Thomas Moecker combines various elements into a stage-like ensemble with the inclusion of components from architecture and interiors. Ideas about casinos, traveling theaters, carnivals, stalls, or vaudeville intermingle. The central element of the installation /Revue/ is a stage assembled from planks whose back board represents a schematic teddy bear abstracted to its basic form.

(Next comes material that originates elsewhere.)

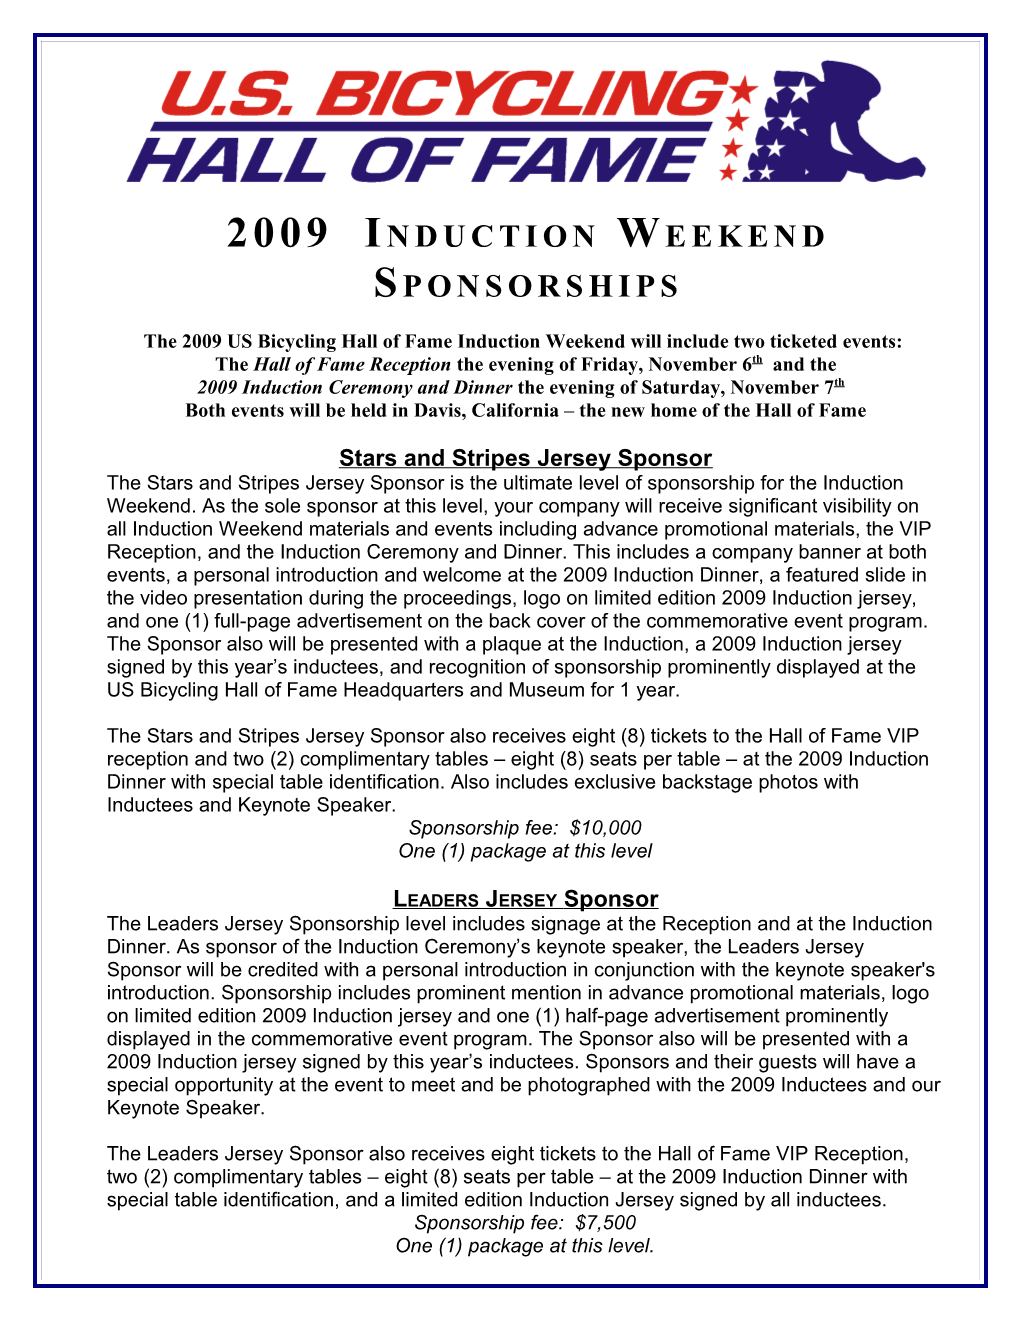 The 2009 US Bicycling Hall of Fame Induction Weekend Will Include Two Ticketed Events

In his /Revue/, Thomas Moecker combines various elements into a
stage-like ensemble with the inclusion of components from architecture
and interiors. Ideas about casinos, traveling theaters, carnivals,
stalls, or vaudeville intermingle. Virtually, the artist also 'lets the
Revue happen': The past is reviewed and reconstructed. We are not
confronted with petty solemnity but its forms of expression. Everything
sparkles, but what we see is only a reflection.
Without embracing
palpable chains of association, a flexible framework of representation
beyond hegemonic cultural molding develops for an all-encompassing
perception of conflicts -- a commanding substratum of sentiments. On the
one hand, the "Kriegstheater" (theater of war) serves as a starting
point for the formal preoccupation with the element of the stage. On the
other hand, the construction of theaters of war conveys a fundamental
insight into Moecker's artistic work. In fact, the subject of warlike
operations itself is less important than the resulting unearthing of truths.

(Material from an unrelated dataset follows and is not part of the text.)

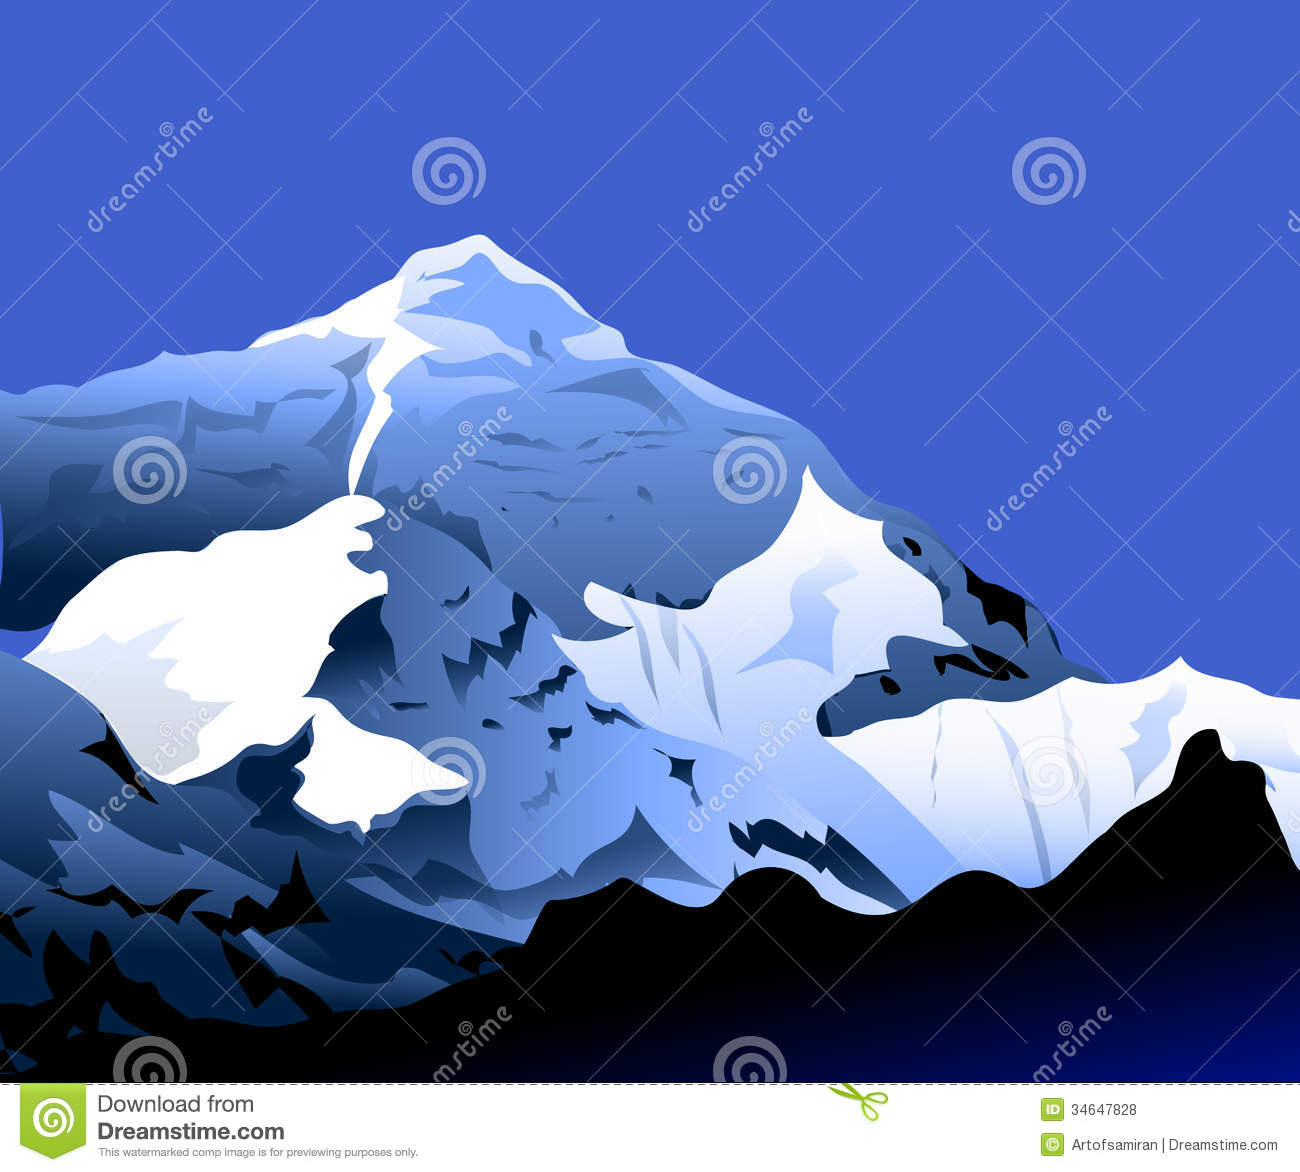 Mount Everest clipart #6, Download drawings

The central element of the installation /Revue/ is a stage assembled
from planks whose back board represents a schematic teddy bear
abstracted to its basic form. As a stylized figure of innocence und
protection the cute bear certainly lives up to its function. However,
the functional stylizations turn upon themselves with excessive, absurd
glee; grief and melancholy arise, yearnings are no longer satisfied, and
the abysmal and ruinous surface.
Standards, trophies, or victory monuments are often functional forms of
representation entrenching the supremacy and the parameters of cultural
efforts and achievements in societies of pretense. Thomas Moecker
modifies these and further forms of representation and transfers them
quote-like into more abstract forms and unmasks them as obsolete emblems
as instruments upholding ideologies. In the atmospheric space,
incorporating stage, carpets, curtains, skylights, sculptures, and
graphic art, mystification and the creation of legends come to an end.
Epochal ornaments are reconfigured into simple decors, classic forms are
highlighted and commented upon in fantastic new manifestations, scale
and commensurability are called into question.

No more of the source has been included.